Data paints an alarming picture. In most large cities and counties across the US, the average eighth grade student scores below proficiency level in math. These learners haven’t mastered fractions, ratios, roots, or proportions—essential building blocks for higher-level mathematics. Students who cannot confidently navigate these core concepts face insurmountable challenges in algebra and beyond. Placing them in an algebra course is akin to casting someone who cannot fry an egg on Top Chef.

Weak foundations cannot hold students up
A struggling student cannot hide in an Algebra course. If, for example, they haven’t grasped fractions, then equations that involve reciprocals will evade them. If they lack proficiency in ratios and proportions, they have little chance of following along when their teacher demonstrates inverse variations or cross multiplication.
This disconnection illustrates that algebra is not an isolated struggle but a reflection of broader deficiencies in early math education. Or to borrow a math term, not addressing a student’s early deficiencies risks rapid, exponential decay in their math skills.
Career-connected learning beats traditional interventions
Efforts to address the math crisis have long relied on the same ineffective strategies: more worksheets, more homework, and more reliance on standardized textbooks that are more likely to frustrate students than engage them. More, more, more.
These methods fail to address the core issue: many students don’t see the relevance of math to their lives and future aspirations. They don’t answer the key questions every student wants to ask (and are not shy about asking their teacher): When will I ever need to know this in the real world? Why does this matter?
Students who have struggled with math for years need a compelling reason to finally engage—or re-engage—with the subject. They don’t need more busy work; they need more context. Effective intervention should focus on making math relevant, not just repeating the same concepts with the same tired approaches. After all, a student who finds literature uninteresting will not suddenly develop an appreciation for Shakespeare if they are given the text without any explanation. The same principle applies to math. Context and real-world connections make all the difference.
Career-connected learning provides those much-needed connections and explanations. By linking math to real-world applications, students can see that what they are learning has tangible, practical value—and as a result, boosts their engagement and ability to succeed.
Just ask educators at New Mexico’s Hatch Valley High School. Within just one-year of switching from traditional curriculum to Pathway2Career’s career-connected math lessons, P2C Math, Algebra I students realized more than a 90-point gain in their Quantile measures and Algebra II students saw an incredible 150-point lead in their measures.
When students understand that math is not just an abstract subject but a critical tool for careers in engineering, healthcare, automation, aviation, graphic design, and countless other fields, their motivation and commitment to learning grow.
Learners deserve age-appropriate interventions
Not all intervention methods will be equally effective.
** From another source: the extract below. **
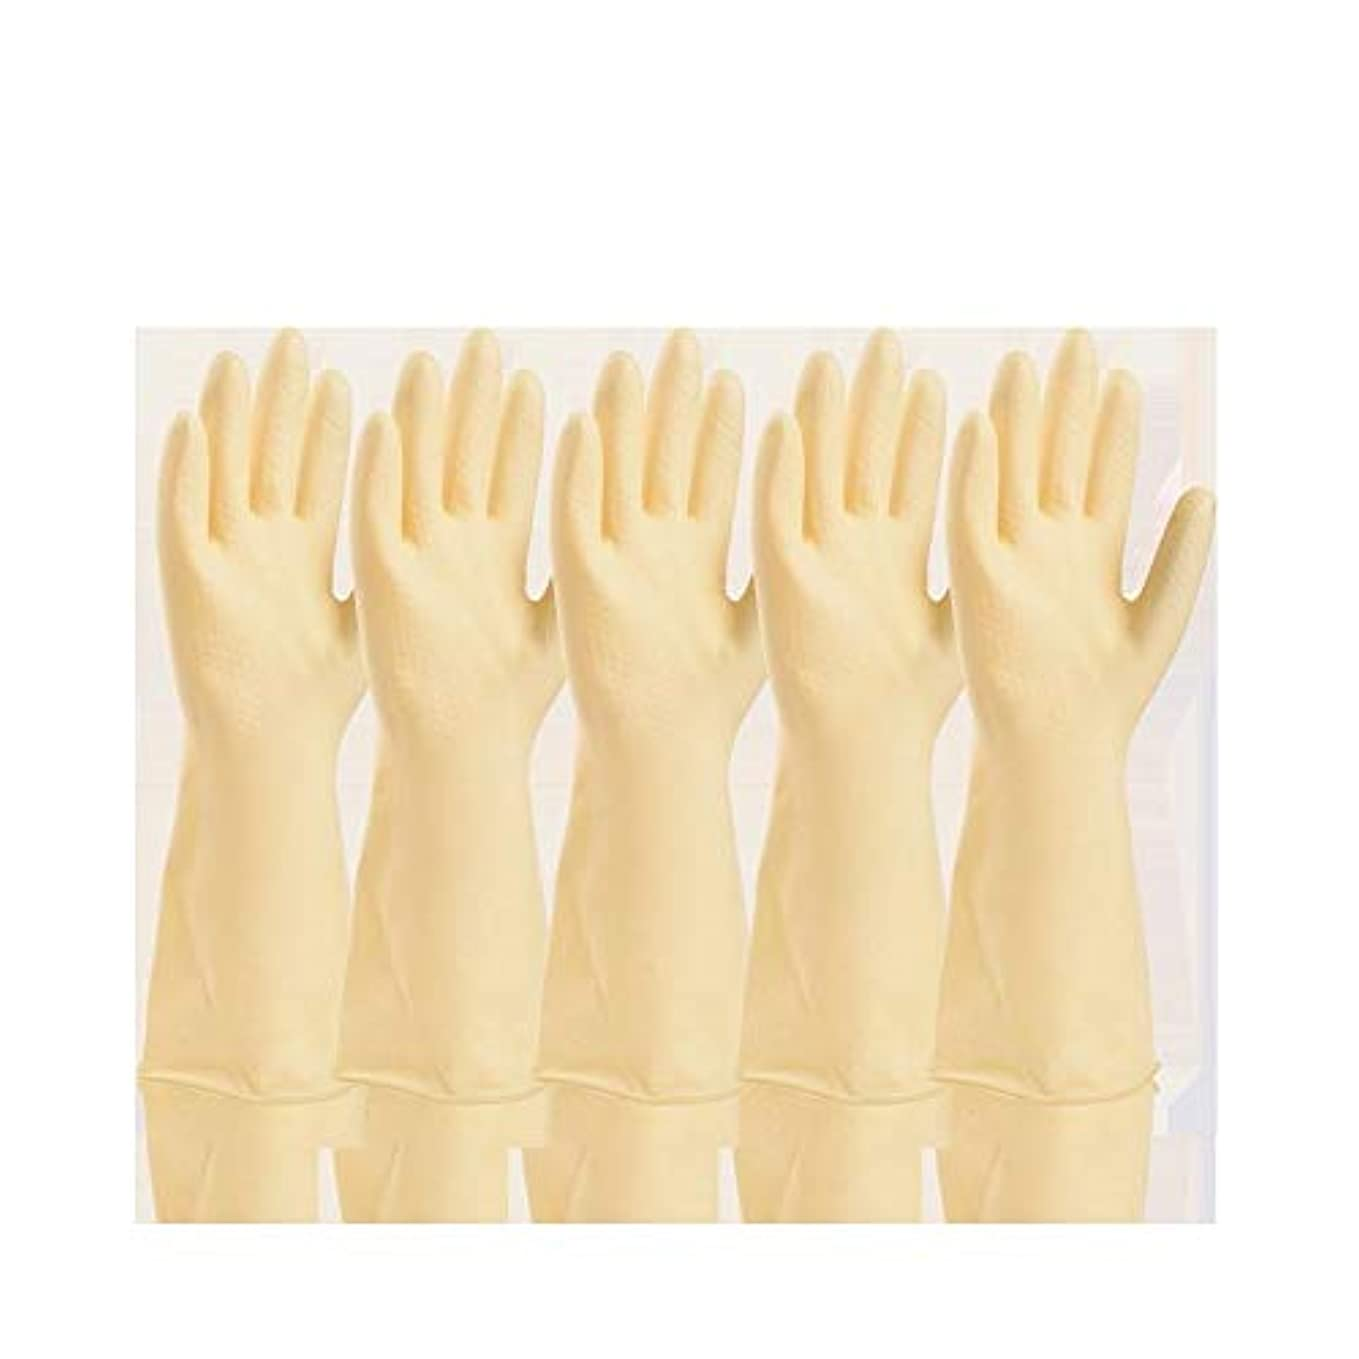 説明観察むしゃむしゃ使い捨て手袋 工業用手袋厚手のプラスチック製保護用耐水性防水ラテックス手袋、5ペア ニトリルゴム手袋 (Color : White, Size : S)
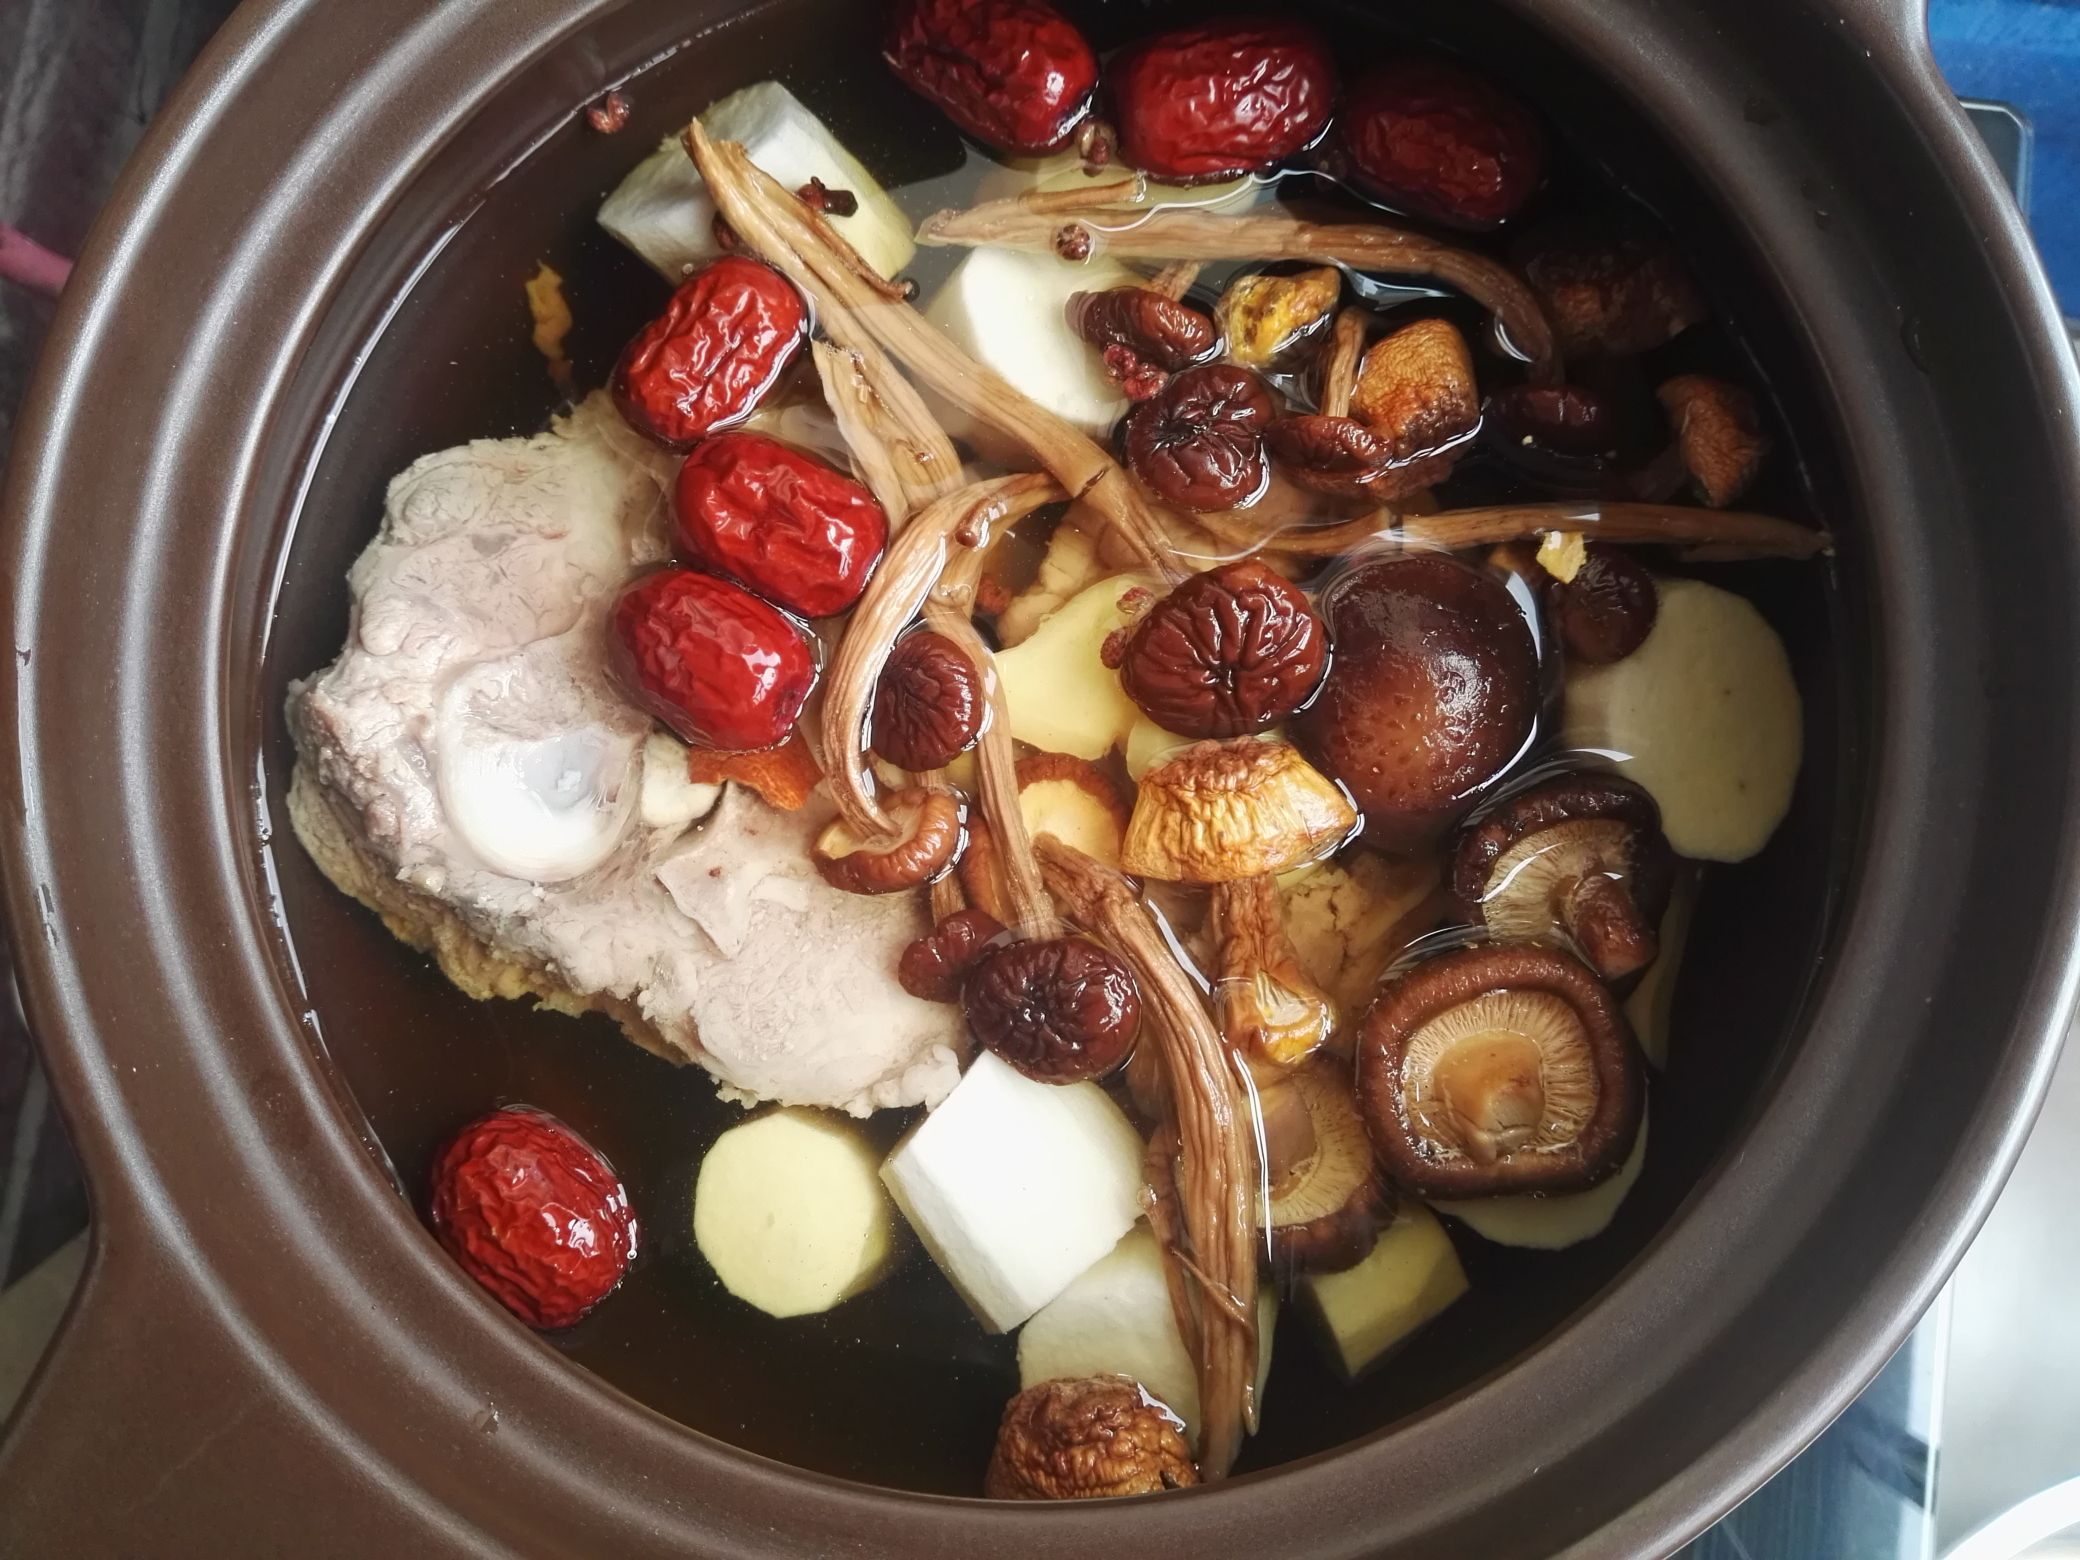 清淡鲜美的猪骨汤,炎炎夏日解馋又清心怎么吃

How math problems and concepts are presented can have an enormous impact on students’ perceptions—of both math itself and of their own ability to excel within it.
Remedial materials are too often designed for much younger children. Worksheets composed of elementary-level content—including cartoon animals, cheerful rhymes, and fairytale illustrations—can be discouraging and even humiliating for older students who may already feel self-conscious about not advancing to a higher-level course with their peers.
The importance of making remedial materials age-appropriate cannot be overstated. Rather than reinforcing a sense of failure or starting from scratch, these programs should respect students as learners and provide them with the tools and confidence to succeed. When remediation is presented in a way that maintains students’ dignity, they are more likely to invest in their own learning and make meaningful progress.
Math education needs a makeover
Simply switching from one curriculum provider to another will not produce different results if the underlying teaching philosophy remains unchanged. That will merely expose students to different math problems, not a more effective teaching and learning approach.
Improving math education requires a novel approach—one that prioritizes engagement, relevance, and foundational skill development over rote memorization and test preparation.
Addressing the preparedness gap requires addressing the most fundamental math concepts and students’ most fundamental complaint about math: their perception that math is irrelevant to their current everyday lives and near-future careers. Teachers, administrators, and education advocates alike must commit to interventions and strategies that emphasize conceptual understanding—and make it age appropriate and career-relevant.
Schools much say goodbye to remediation that merely rehashes ineffective teaching methods—which struggling students have already struggled to connect with—and instead, focus on creating meaningful learning experiences that help learners build confidence and competence in mathematics.
The solution lies in improving the quality of engagement, not the quantity of homework assignments or instruction time. Until the focus shifts from algebra itself to students’ readiness for it, math performance across the country is unlikely to improve.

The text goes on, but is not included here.